A common pattern is to use SNS to publish messages to Amazon SQS queues to reliably send messages to one or many system components asynchronously.
Reference from Amazon SNS FAQs.
One reason for coupling SQS and SNS would be for data processing pipelines.
Let's say you are generating three kinds of product, and that products B & C are both derived from the same intermediate product A. For each kind of product (i.e., for each segment of the pipeline) you set up:
a compute resource (maybe a lambda function, or a cluster of virtual machines, or an autoscaling kubernetes job) to generate the product.
a queue (describing units of work that need to be performed) to partition the work across the compute resource (so that each unit of work is processed exactly once, but separate units of work can be processed separately in parallel and asynchronously with each other).
a news feed (announcing outputs that have been produced).
Then arrange so that the input queues for B & C are both subscribing to the output announcements of A.

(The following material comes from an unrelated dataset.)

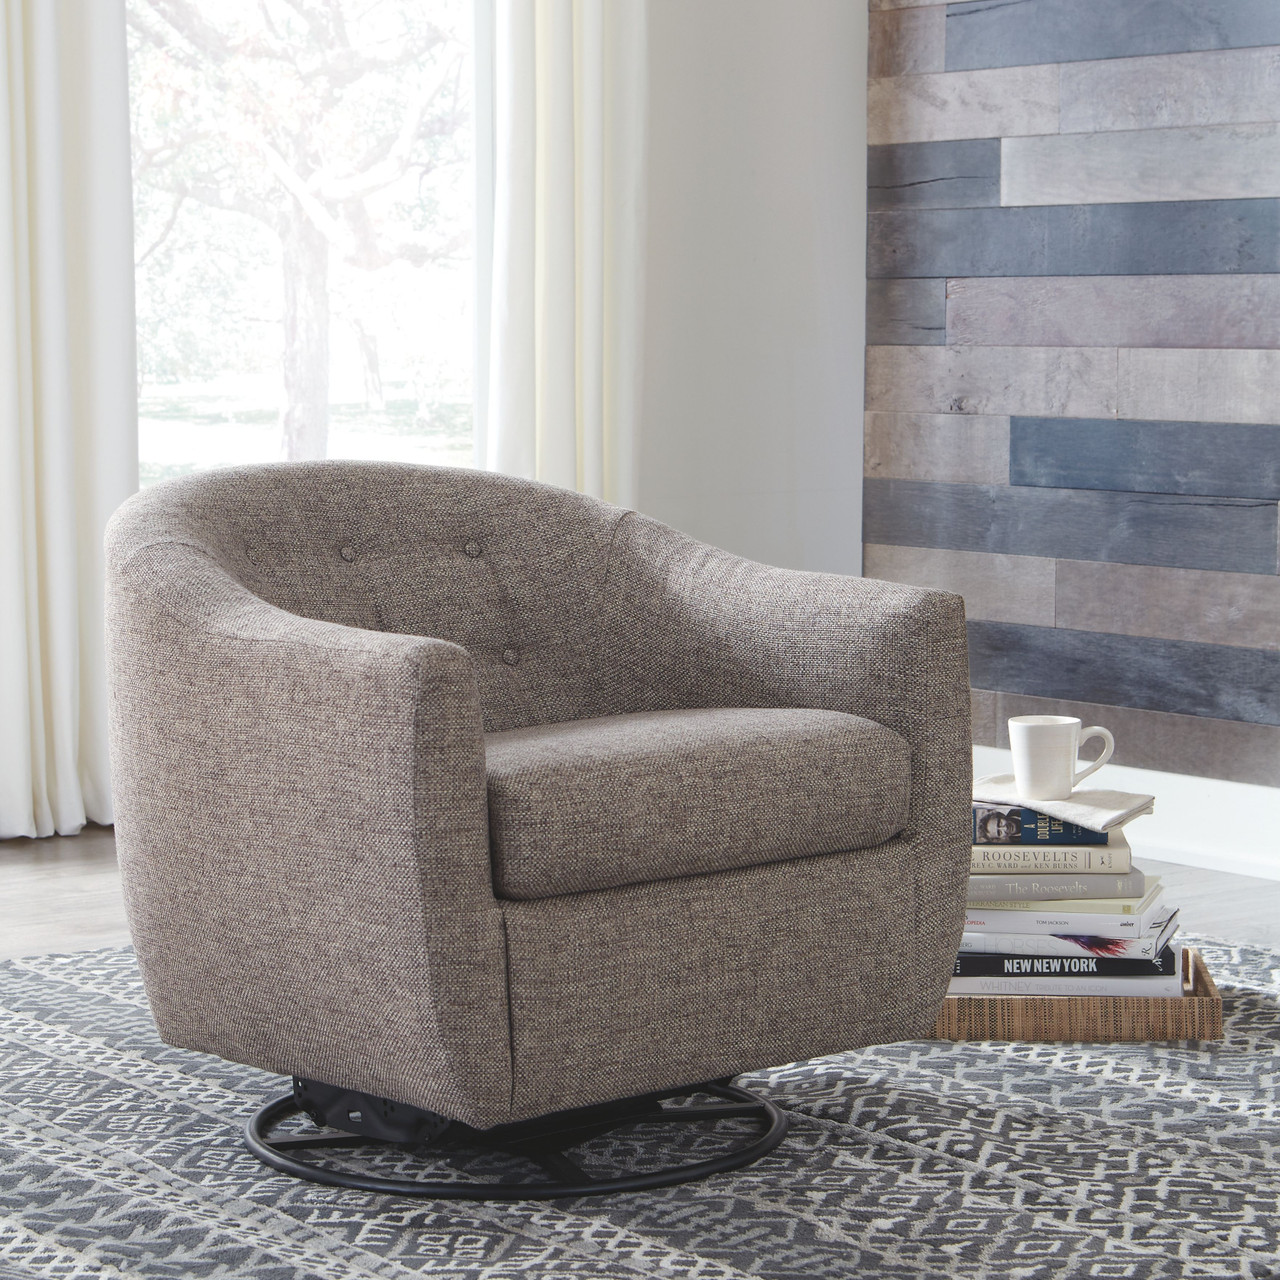 Enjoyable Upshur Taupe Swivel Glider Accent Chair Dailytribune Chair Design For Home Dailytribuneorg

This makes the pipeline modular on the level of infrastructure. Rather than having a monolithic server application that generates all three products together, different stages of the pipeline can utilise different hardware resources (for example, perhaps stage B is very memory intensive, but the two other stages can be performed with cheaper hardware/services). This also makes it easier to iterate on the development of one pipeline segment without disrupting delivery of the other products.

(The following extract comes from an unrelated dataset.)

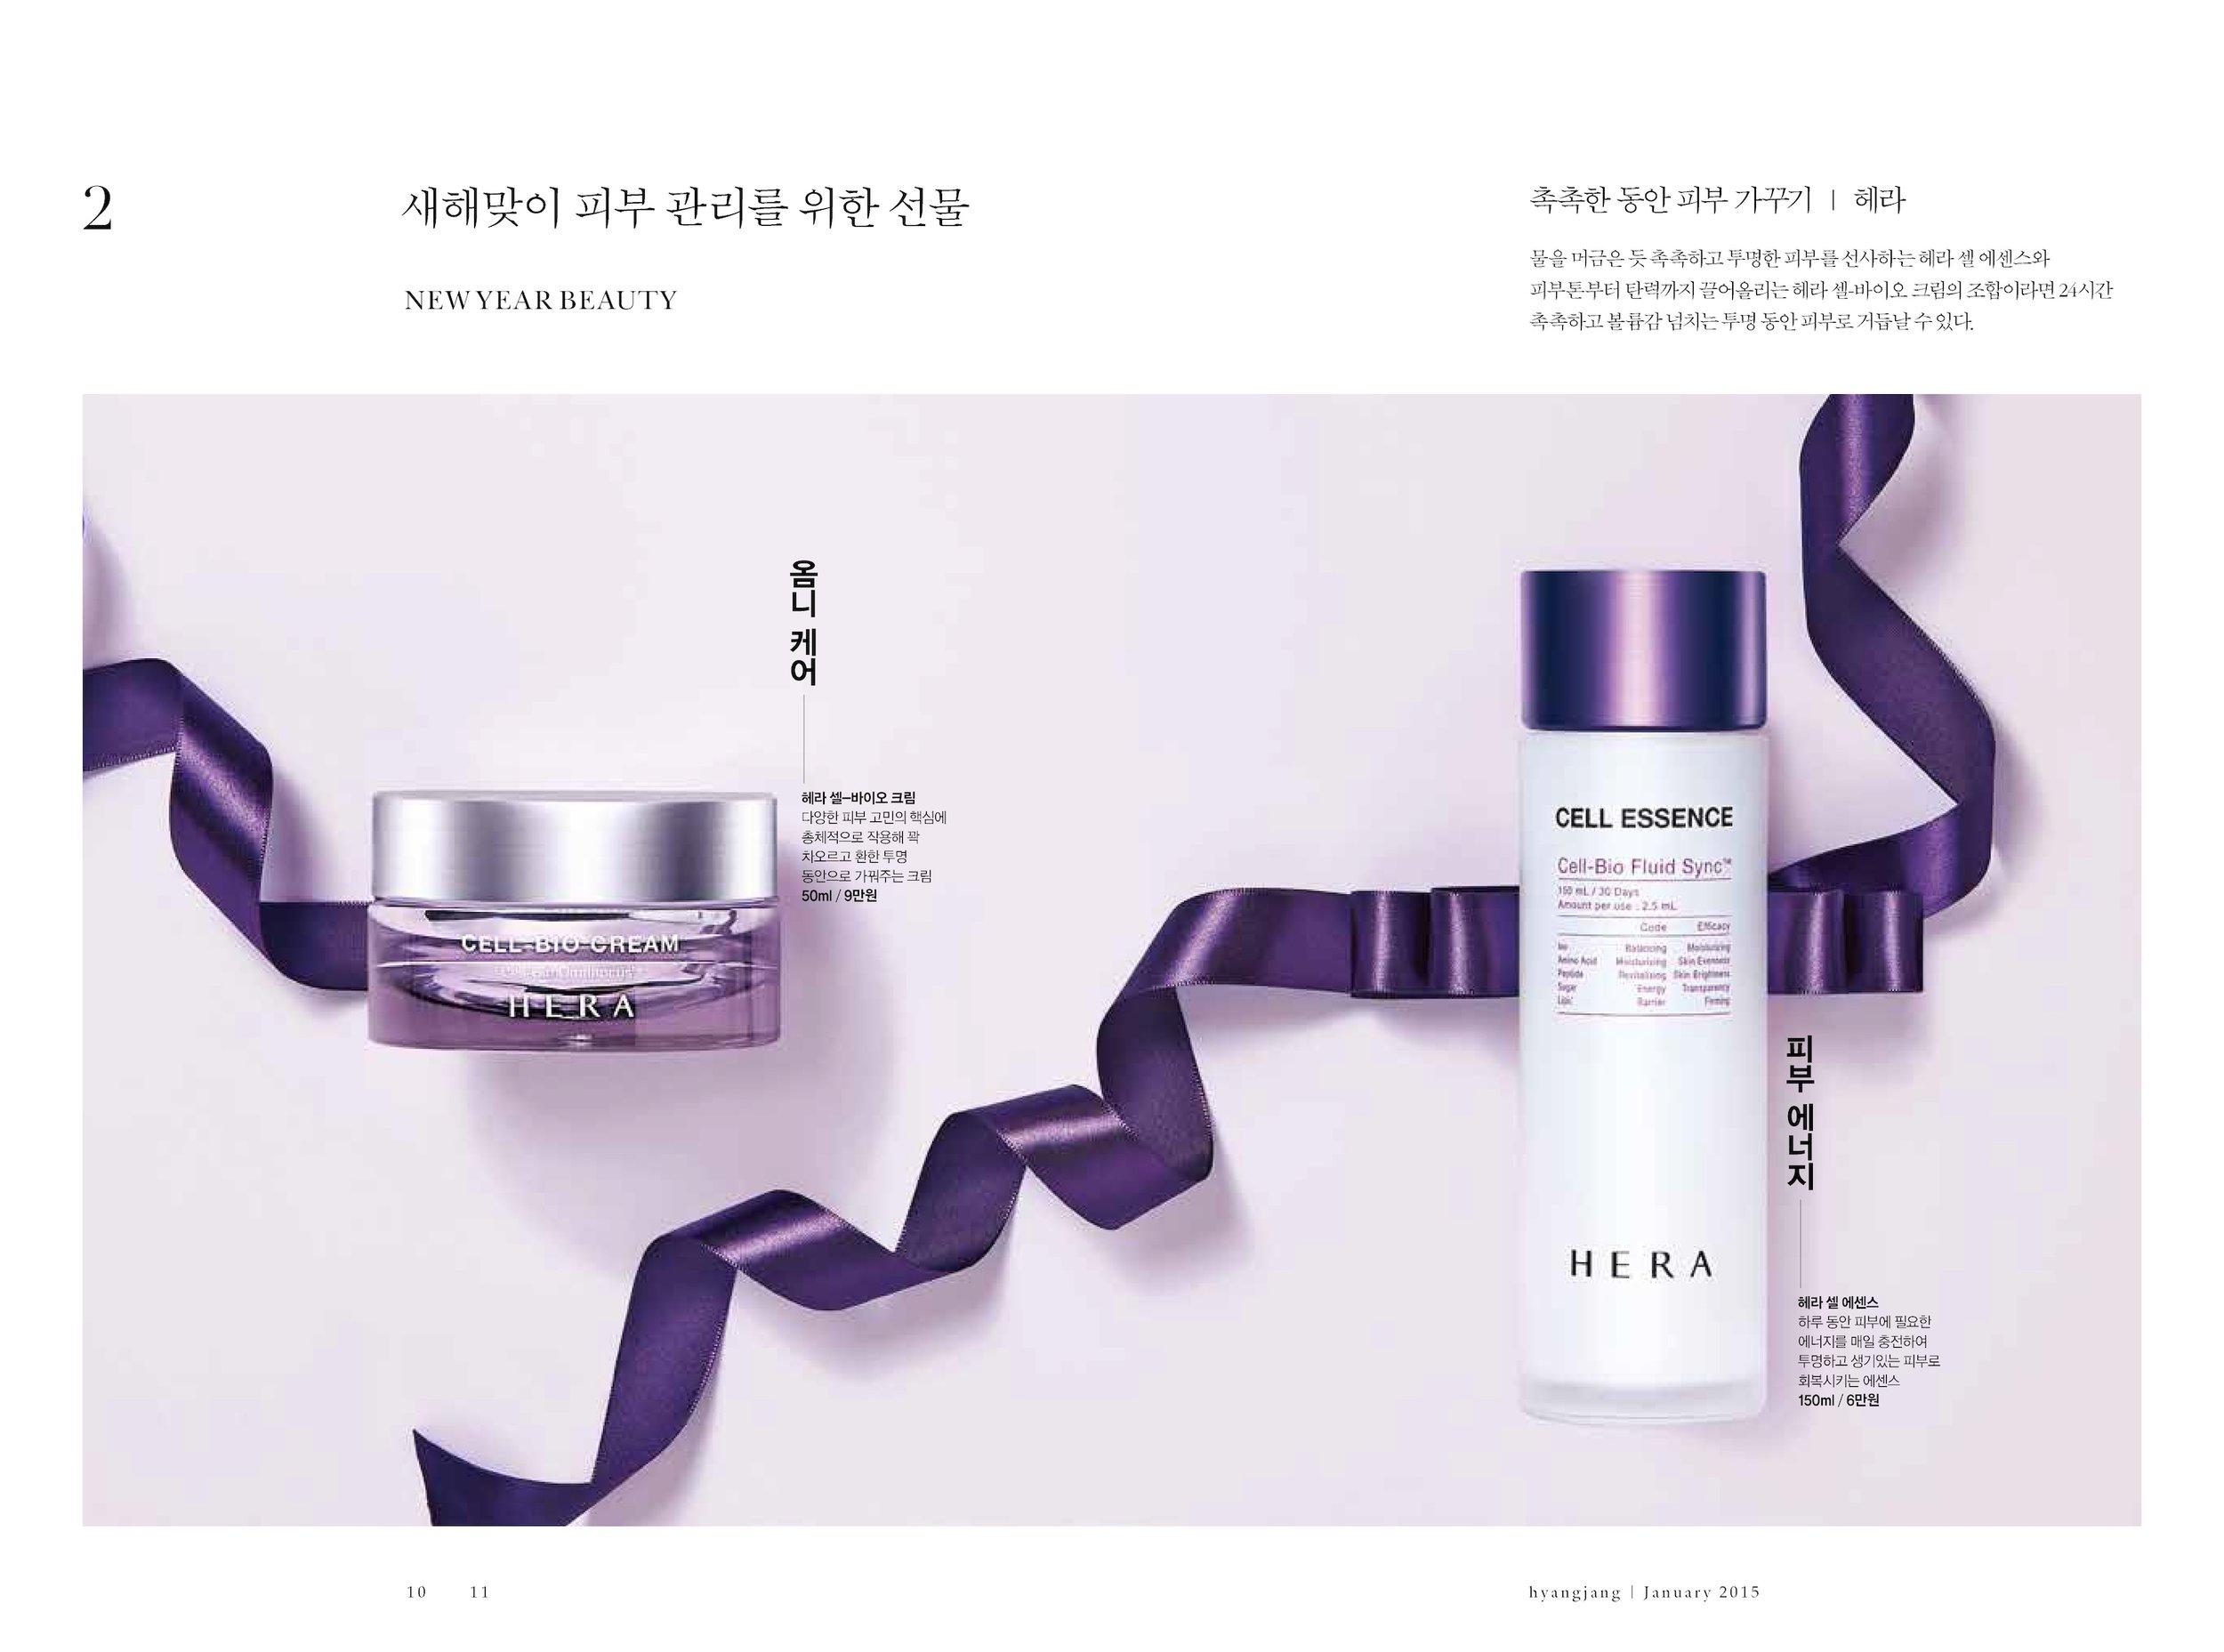 hyangjang-201501_페이지_06.jpeg

There are some key distinctions between SNS and SQS:
SNS supports A2A and A2P communication, while SQS supports only A2A
communication.
SNS is a pub/sub system, while SQS is a queuing system. You'd
typically use SNS to send the same message to multiple consumers via
topics. In comparison, in most scenarios, each message in an SQS
queue is processed by only one consumer. With SQS, messages are
delivered through a long polling (pull) mechanism, while SNS uses a
push mechanism to immediately deliver messages to subscribed
endpoints.
SNS is typically used for applications that need real time
notifications, while SQS is more suited for message processing use
cases.
SNS does not persist messages - it delivers them to subscribers that
are present, and then deletes them. In comparison, SQS can persist
messages (from 1 minute to 14 days).
Individually, Amazon SQS and SNS are used for different use cases. You can, however, use them together in some scenarios.